Boarding can be a little crazy

Brace yourself for the mad melee of excited passengers with everyone trying to get on the ship as soon as possible to make the most of their short time onboard. In hindsight, we should have delayed our arrival for an hour or two instead of joining the throng around lunch time. Be afraid, be very afraid.

The Golden Lion Pub serves food

Dining on classic pub fare at The Golden Lion is complimentary, the atmosphere is satisfyingly British and the food is good. Our fish and chips with mushy peas was a hit and the hearty ploughman’s lunch on the next table looked equally good. This ‘secret lunch spot’ is a particularly good option on boarding day when the buffet can be busy.

Complimentary meals at the Golden Lion Pub

It’s not as dressy as you might expect

If you’re wondering what to wear on a Queen Elizabeth cruise, the short Australia itineraries are a surprisingly casual affair. On our sailing from Melbourne to Sydney, boarding day outfits ranged from country club chic to shorts teamed with t-shirts and thongs. Her Majesty The Queen, who launched the ship in October 2010, would likely raise an eyebrow at the latter but the charming staff went out of their way to make everyone feel welcome.

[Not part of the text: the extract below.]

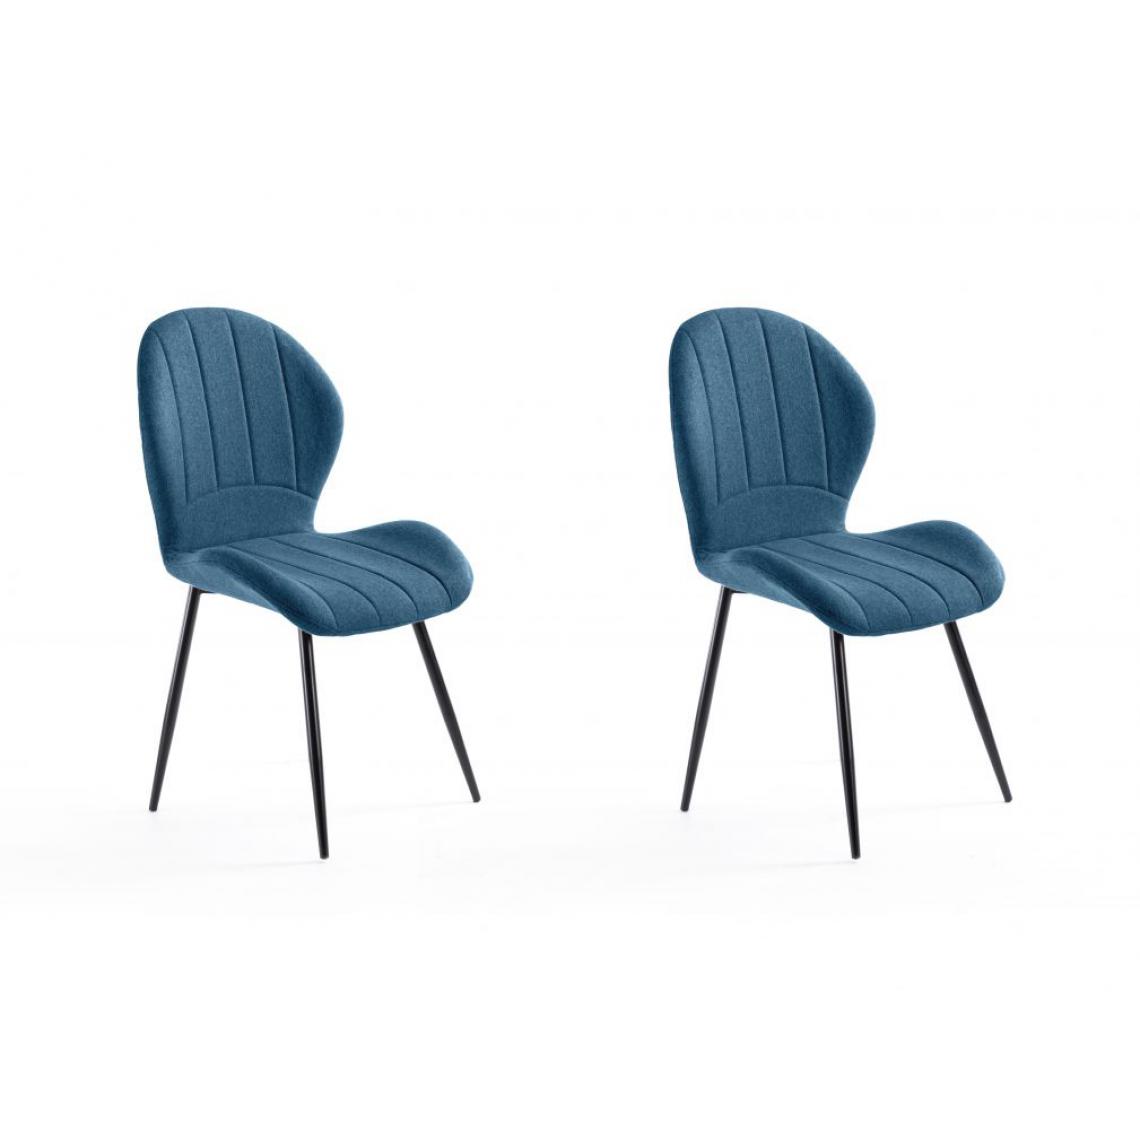 Usinestreet - Lot de 2 chaises design JOYA en tissu et pieds en métal noir - Bleu pétrole - Chaises

Gala night lives up to its name

Gala Night is a different story when it comes to what people wear. Casual is out, and glamour is most certainly in. Bring your dressiest look or you’ll feel decidedly out of place. Women wearing ‘cruise casual’ gear and gents without a jacket are politely directed to the Lido buffet for dinner on Gala Night. On our cruise, ladies wore evening dresses, a cocktail frock or smart little black dress. Even the blokes rocking their best t-shirts on boarding day went all out with a tuxedo, lounge suit or smart trousers with a jacket.

Two couples going out
Stepping out on Cunard’s Gala Night

Get your photo taken on the grand staircase early in the night

No cruise on this elegant ship is complete without a photo taken on the Grand Staircase using the striking five metre high marquetry mural of Cunard’s first Queen Elizabeth as a backdrop. This iconic artwork showcases the ship’s elegant lines and was created by Viscount David Linley, the nephew of Queen Elizabeth II. Stop by early on Gala Night to have your photo taken here before it gets busy.

Cunard Queen Elizabeth Grand Staircase
Cunard’s Queen Elizabeth Grand Staircase

Order room service breakfast

This elegant in-room dining experience is complimentary and should not be missed. Remember to fill out your breakfast order and hang it on the door knob of your Queen Elizabeth cabin early in your cruise as room service breakfast is not available on disembarkation day. Your breakfast’s arrival is preceded by a courtesy phone call, delivered by a dapper waiter and, most importantly, the cooked breakfast is piping hot.

Room service on Cunard
Room service breakfast on Cunard’s Queen Elizabeth

Your cabin determines where you dine

Passengers staying in Queens Grill and Princess Grill suites dine in the 120-seat Queen or 120-seat Princess Grill restaurants. Britannia Club cabins have their own intimate Britannia Club restaurant with free seating available anytime from 6.30pm and 9.00pm each evening. Everyone else dines at the 800-seat two-deck Britannia Restaurant at either 5.45pm or 8.00pm. Passengers in all classes of cabin can dine at any of the for-a-fee specialty restaurants but you’ll need a booking as these fill up fast.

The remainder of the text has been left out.